Entries provided:
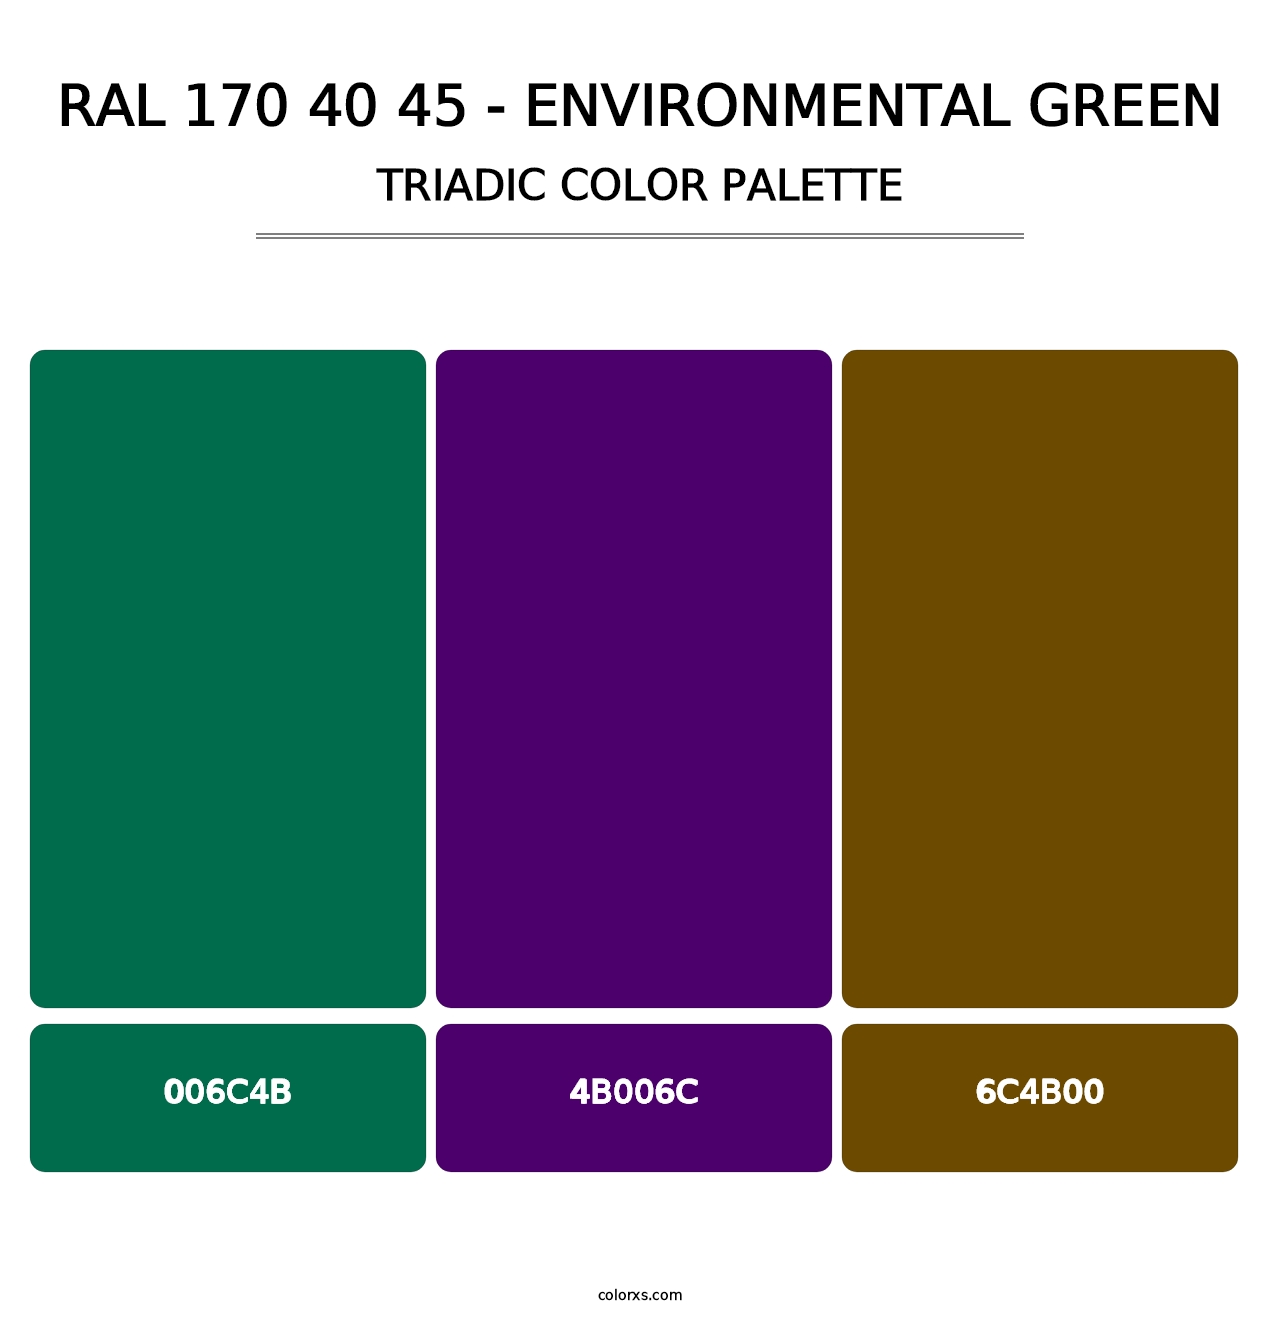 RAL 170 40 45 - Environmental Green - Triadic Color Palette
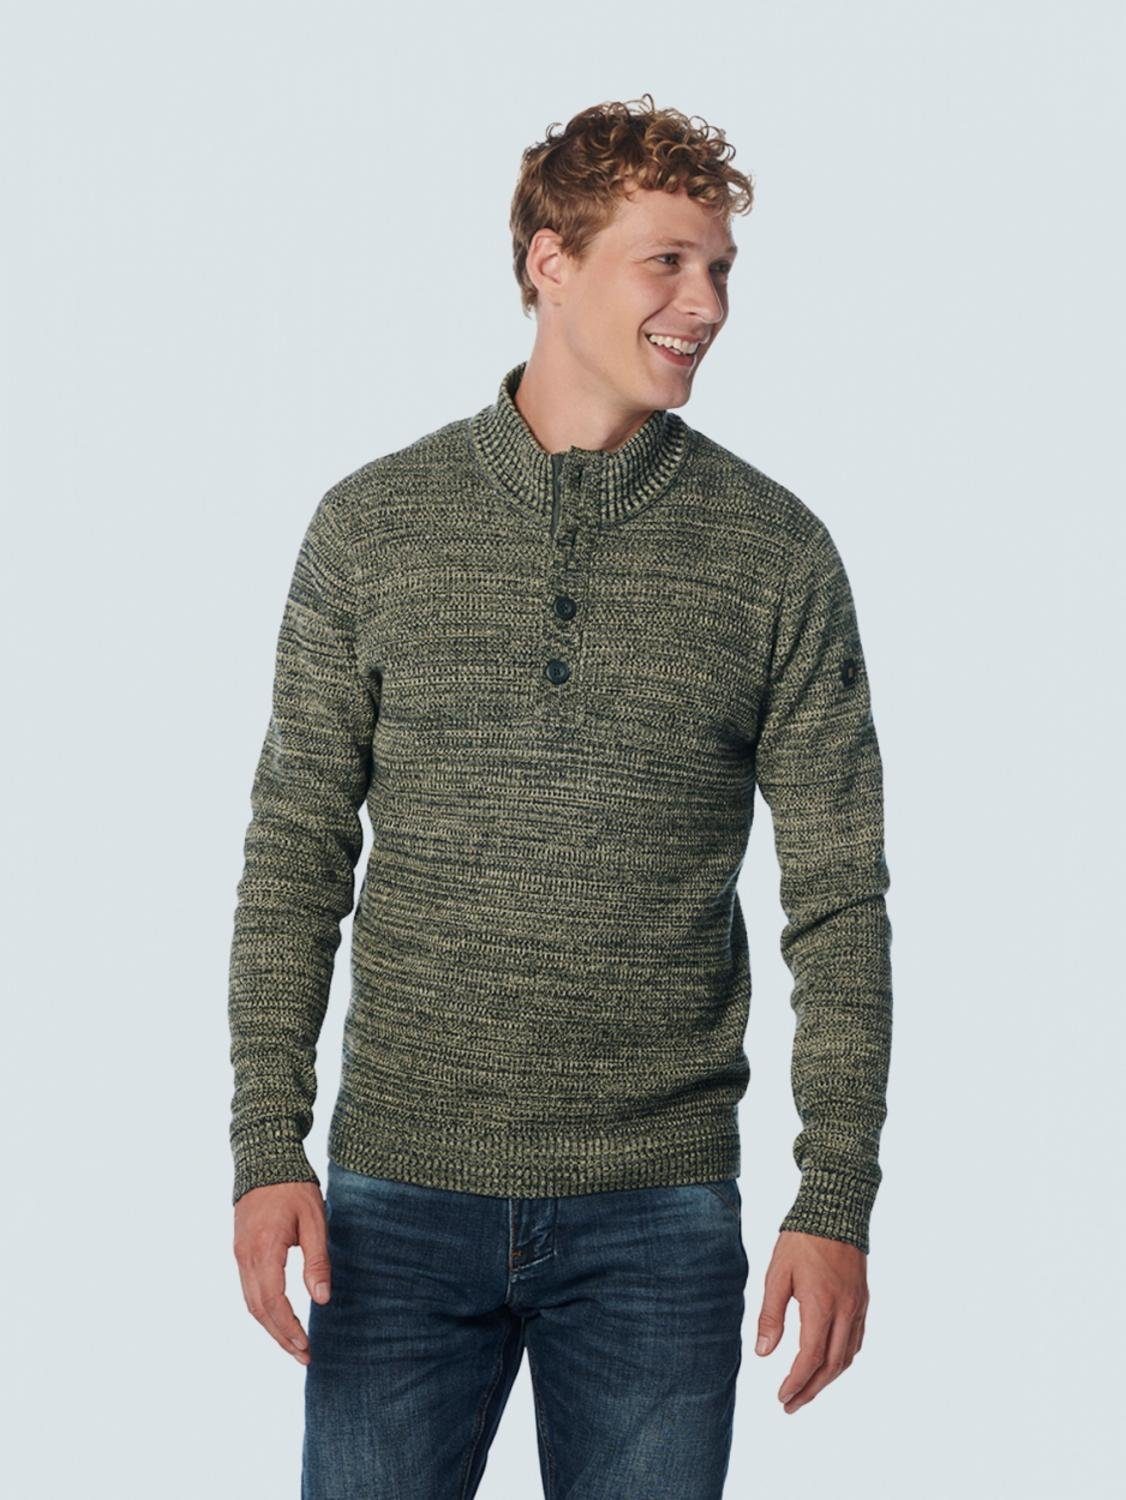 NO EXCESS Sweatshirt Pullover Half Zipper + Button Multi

==

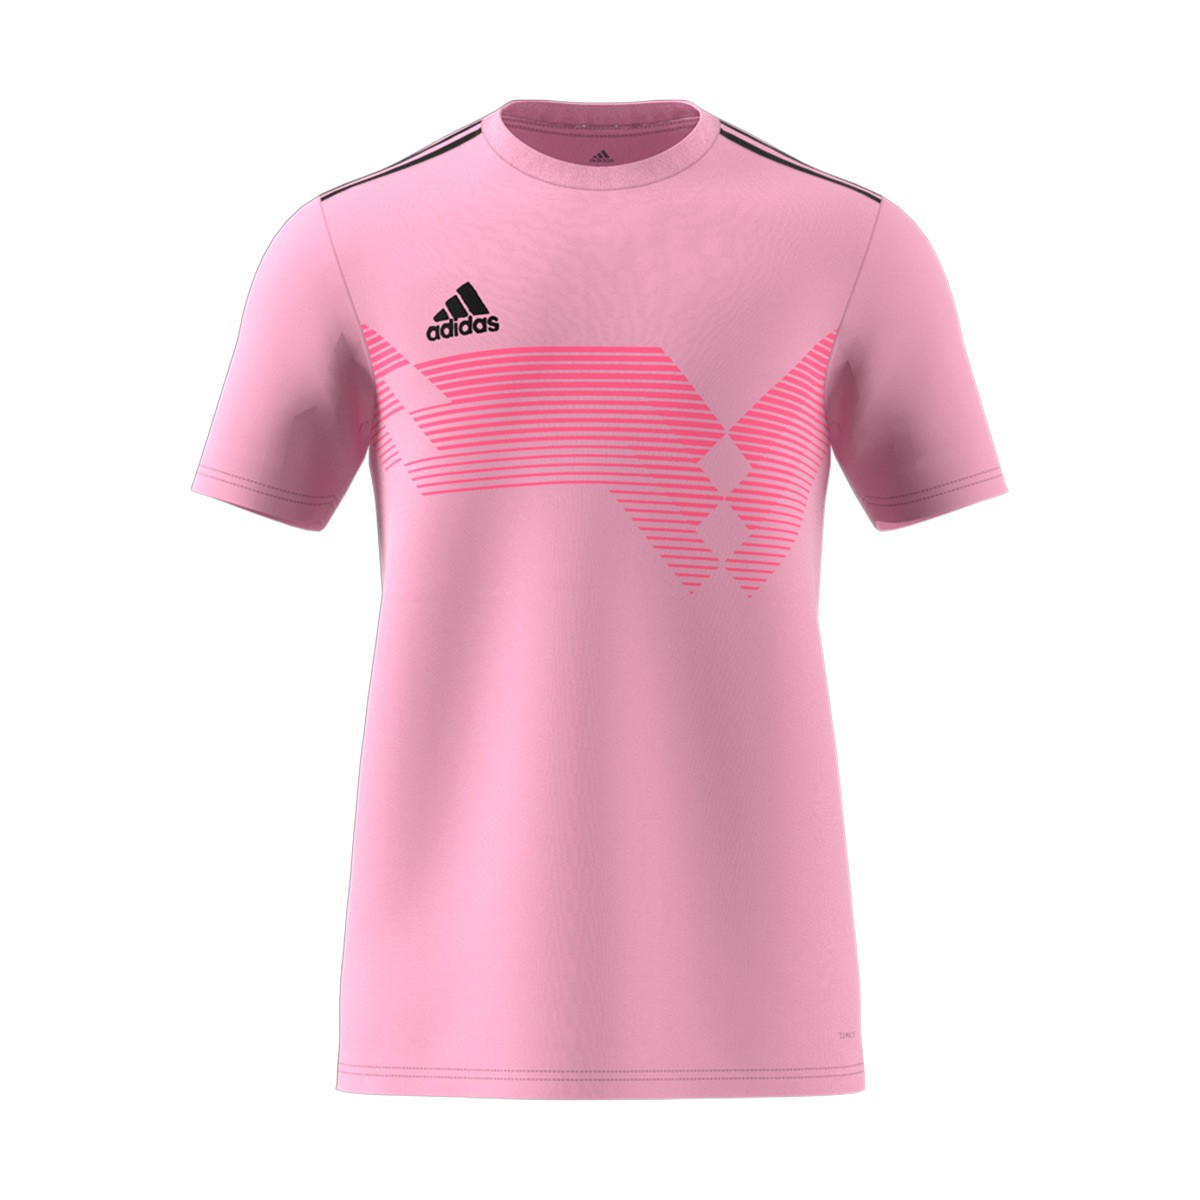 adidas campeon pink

Assignment:
Go back to the lines above and output, exactly as they stand, the ones from the line containing "RAL 170 40 45" to the line containing "NO EXCESS Sweatshirt". Leave all pictures behind.

Answer area:
 RAL 170 40 45 - Environmental Green - Triadic Color Palette
 NO EXCESS Sweatshirt Pullover Half Zipper + Button Multi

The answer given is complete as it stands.